This allows us to use some Python model classes and utility functions

In [None]:
%run ./rfr_class.ipynb
%run ./utils_class.ipynb

## Load our training data

In [None]:
# Load and print dataset
csv_path = "./data/windfarm_data.csv"

# Use column 0 (date) as the index
wind_farm_data = Utils.load_data(csv_path, index_col=0)
wind_farm_data.head(5)

## Get Training and Validation data

In [None]:
X_train, y_train = Utils.get_training_data(wind_farm_data)
val_x, val_y = Utils.get_validation_data(wind_farm_data)

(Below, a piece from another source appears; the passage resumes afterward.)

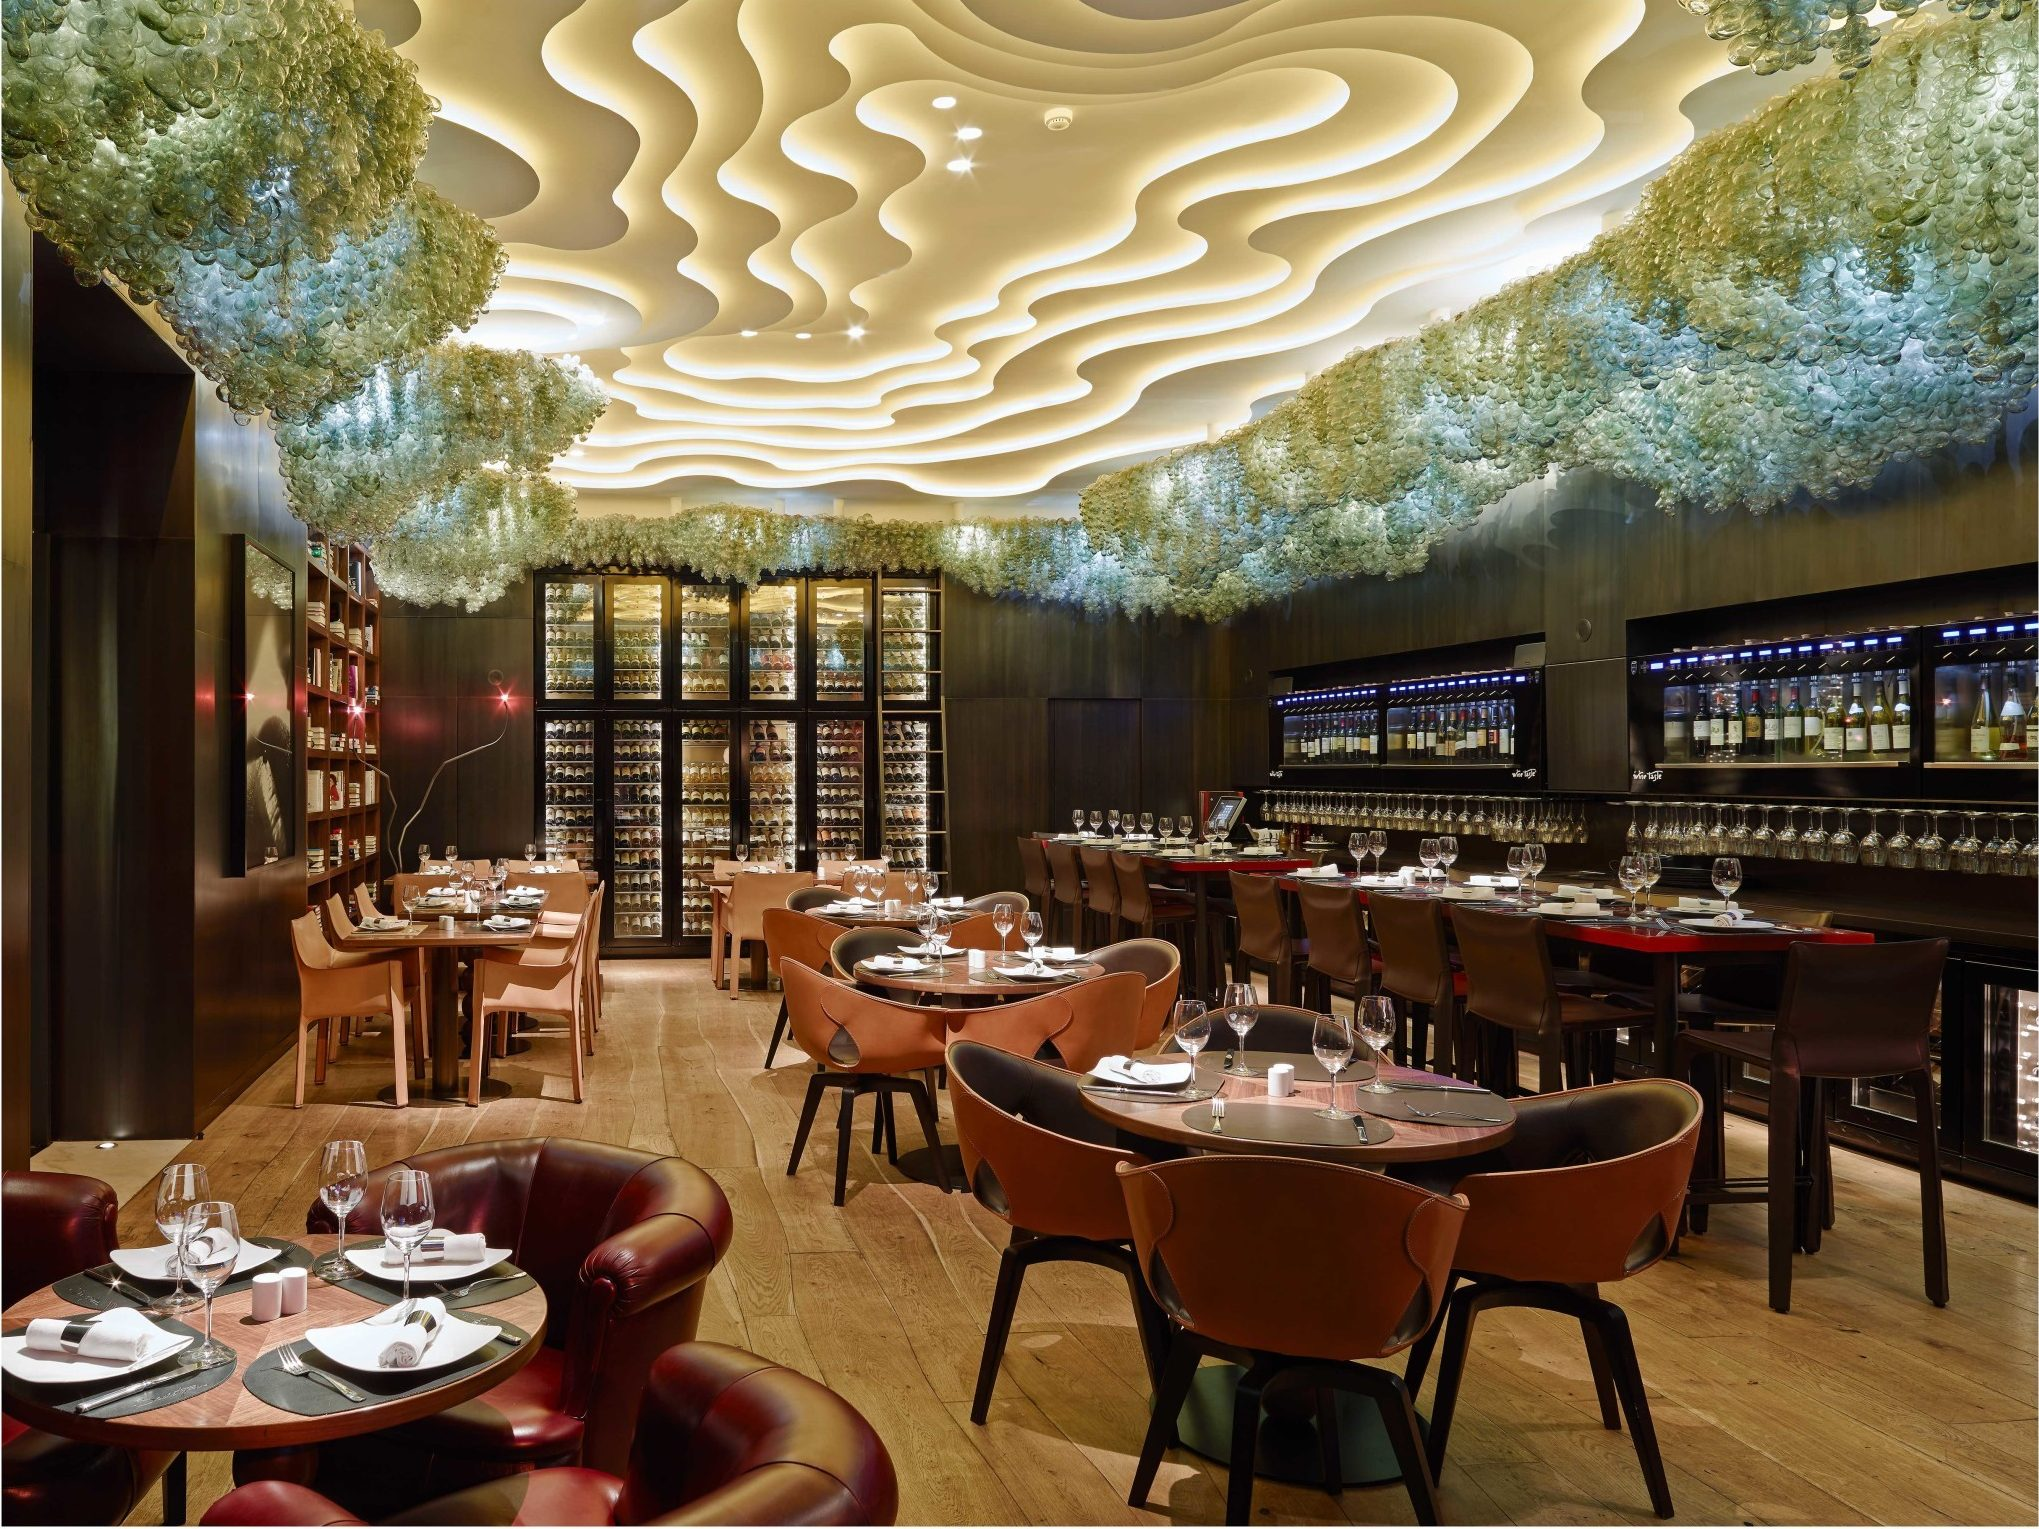 Gatserelia Design - Society Wine lounge Saifi Suites Downtown Beirut - top interior designers restaurant design Glowing Vienna Restaurant Design by Gatserelia Society Wine lounge Saifi SuitesvDowntown e1518232385749

## Initialize a set of hyperparameters for the training and try three runs

In [None]:
# Initialize our model hyperparameters
params_list = [{"n_estimators": 100},
               {"n_estimators": 200},
               {"n_estimators": 300}]

In [None]:
# Train, fit and optionally register our model and iterate over few different tuning parameters
# Use sqlite:///mlruns.db as the local store for tracking and model registery

mlflow.set_tracking_uri("sqlite:///mlruns.db")

model_name = "PowerForecastingModel"
for params in params_list:
  rfr = RFRModel.new_instance(params)
  print("Using paramerts={}".format(params))
  runID = rfr.mlflow_run(X_train, y_train, val_x, val_y, model_name, register=True)
  print("MLflow run_id={} completed with MSE={} and RMSE={}".format(runID, rfr.mse, rfr.rsme))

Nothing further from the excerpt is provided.